Yearbook Idea: Make a Halloween Party & Costumes Section

Get your costume ready – it’s Halloween!
Photo credit: Flickr CC user Tommy and Georgie

My friends will attest that it doesn’t take much convincing to get me into a costume. If any party has a hint of a theme to it, it’s guaranteed I’ll take it and run with it. So it should come as no big surprise that it is my favorite holiday!

Happy Halloween, America!

I have always looked forward to this day and often have my costume planned out months in advance. I have to admit I’ve slacked off a little in recent years with the pre-planning, but hear me out: San Francisco is the costume party capitol of the world–everyone has a costume closet and can have something prepped and ready to rock at the word “party.” I might not be going as elaborate as my awesome Rockford Peach costume last year, but I have a few ideas up my sleeve for tonight’s festivities.

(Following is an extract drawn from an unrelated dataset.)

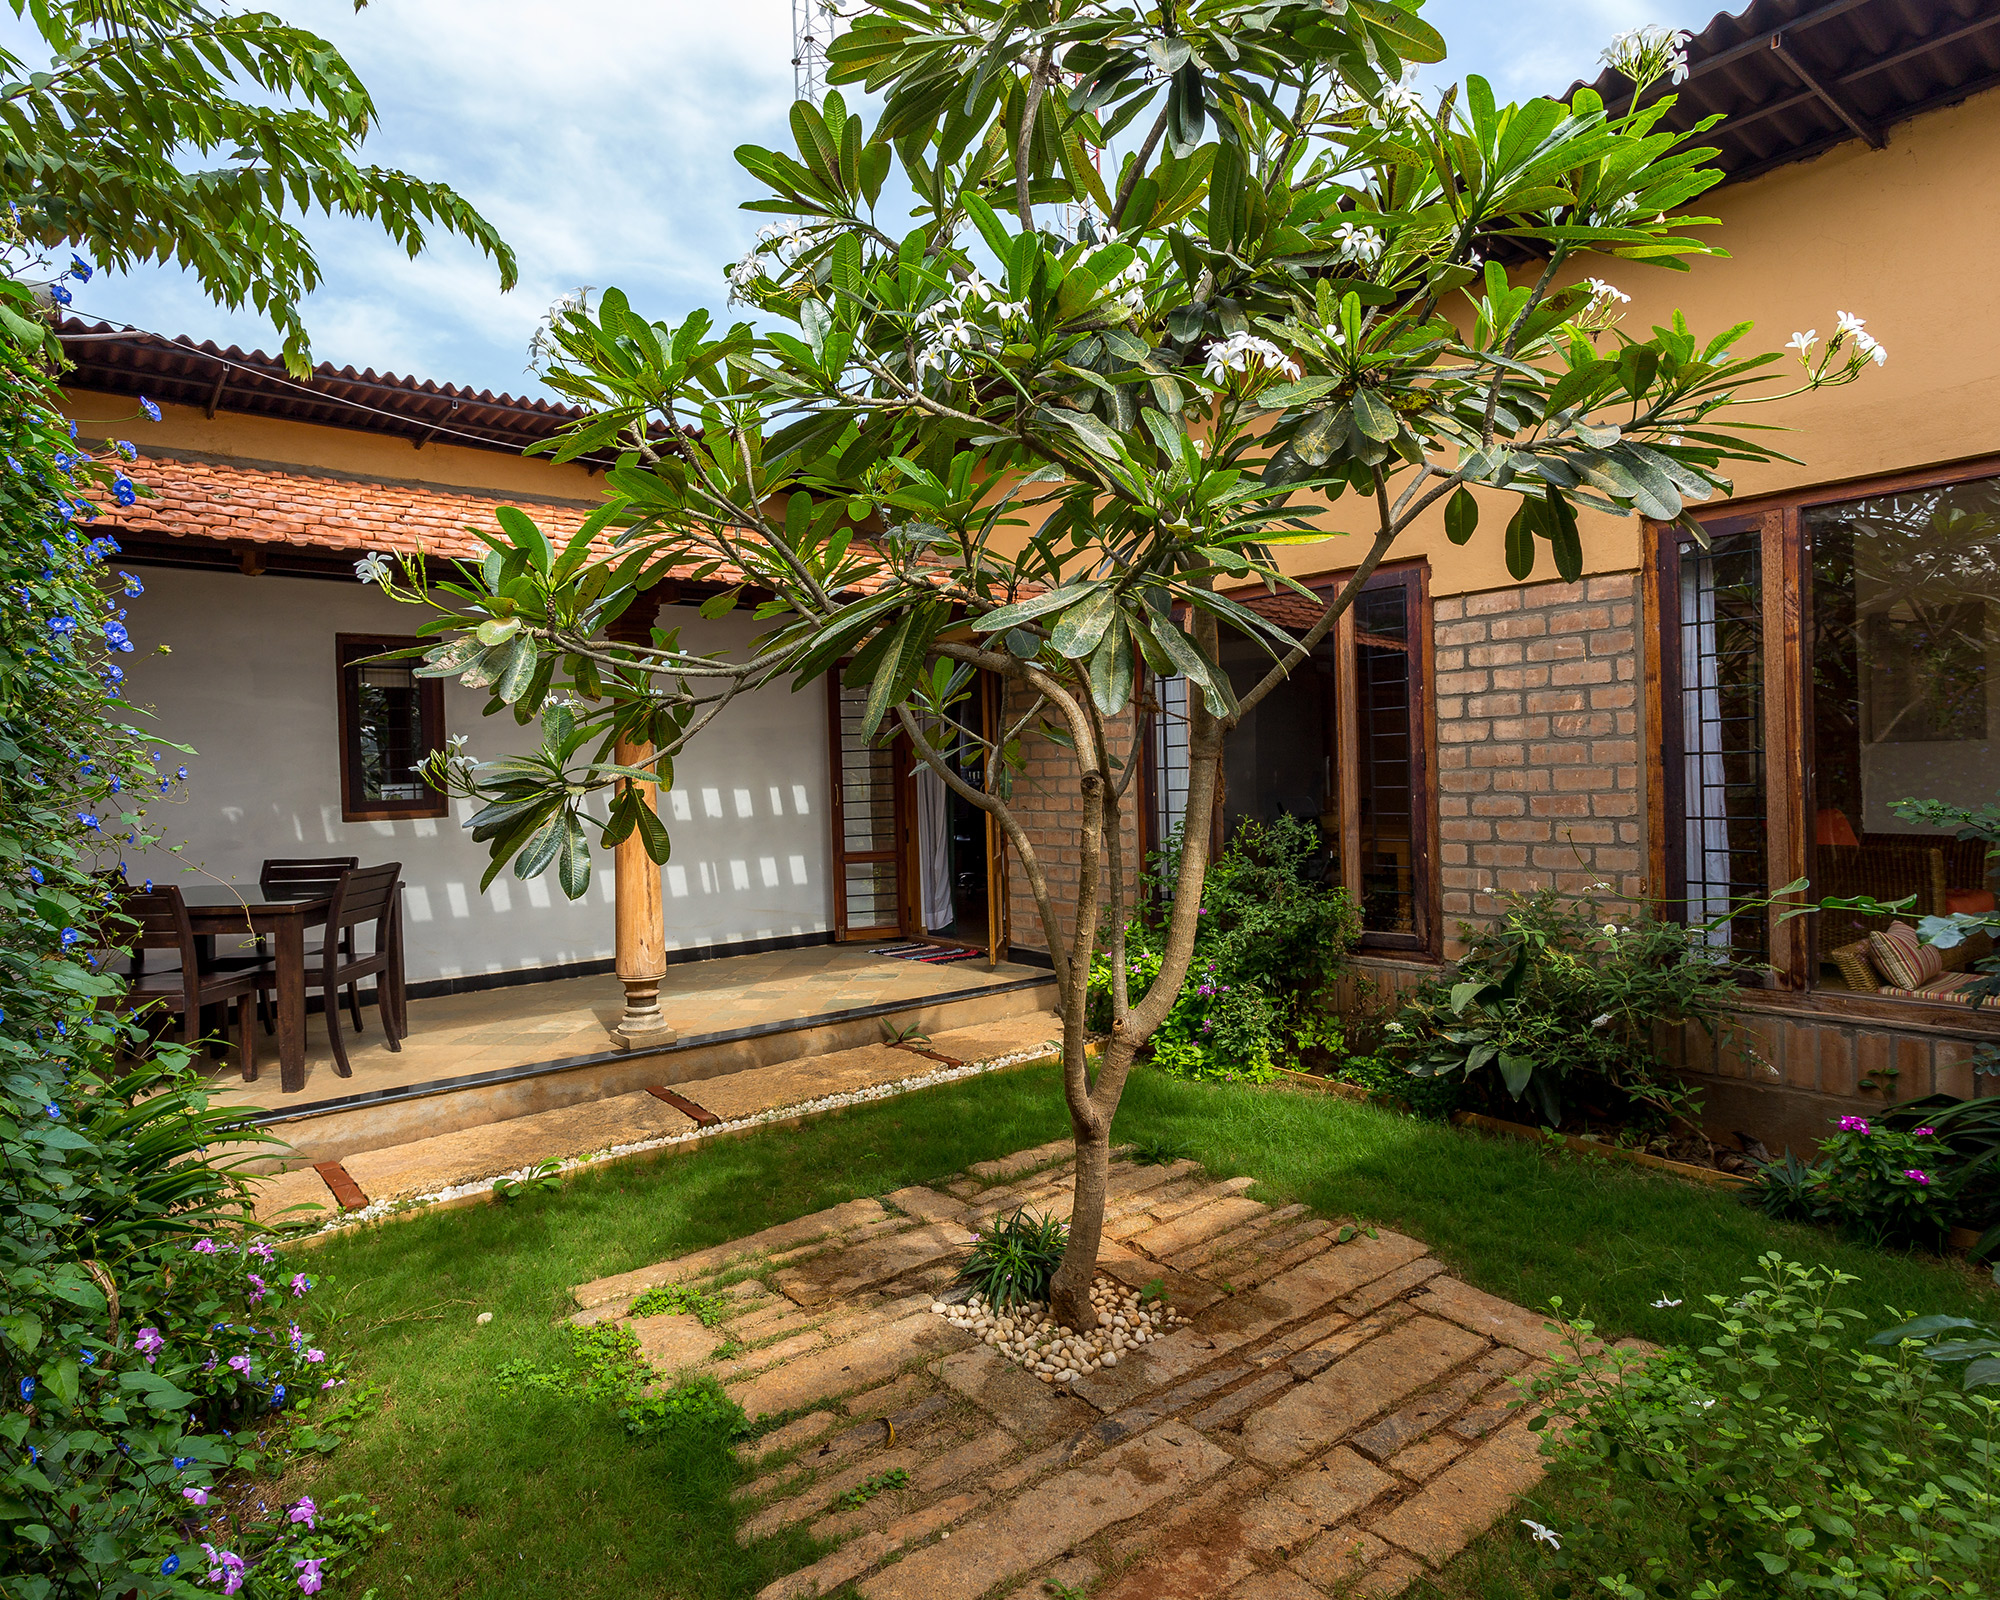 The contemporary courtyard home, which is convenient and relevant to todays' lifestyle

For me, Halloween is a time where everyone can live out their childhood fantasy of being an astronaut or superhero or fairy princess. The sky is the limit, which means that there’s no limit to the fun yearbook ideas that can be hatched on this day.

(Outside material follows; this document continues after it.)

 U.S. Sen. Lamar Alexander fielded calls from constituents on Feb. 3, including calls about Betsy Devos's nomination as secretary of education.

Begin by documenting the student’s wild and creative costumes with pictures that can be placed within the pages of the yearbook and on the yearbook’s social media channels. Make sure there is a point person on staff who is responsible for capturing this holiday. You don’t want to miss your chance to capture some colorful, creative and even scary moments through photos because nobody was leading the assignment.

Here in the United States we take Halloween very seriously, from our haunted corn mazes down to trick or treating, and all of this should be documented as well. However, another fun way to highlight Halloween in the year book is with its international history.

Here are some ways that people in other parts of the world celebrate Halloween:

– In Ireland, people eat a traditional cake called a “barnbrack” on Halloween. It has a fruitcake consistency and has a special treat baked into its center that will tell the eater’s future.

– Carved pumpkins are synonymous with Halloween today, but in parts of the United Kingdom, kids gather around to carve–beets and turnips. According to, this tradition stems from the old days when people would carve turnip lanterns to protect their home from evil spirits.

– Many kids leave milk and cookies out for Santa Claus on Christmas Eve, but in Austria they leave bread out. However, it’s not for Jolly Old Saint Nick. Austrians believe leaving bread and water outside with the lights on will let their dead ancestors know they are welcome.

Why not use the holiday as a teaching point for the student body? Have members of the yearbook staff ask students what Halloween traditions they have with their friends and family. Did they have any idea of the history behind this fun holiday? How have publications, such as yearbooks, expanded their understanding of this holiday? Yearbook ideas don’t need to be limited to entertainment and capturing memories (though they should always include these!). You’re a part of the educational system and as such you can use your spreads to advance student awareness and understanding, while at the same time celebrating all that the holiday means to your student body.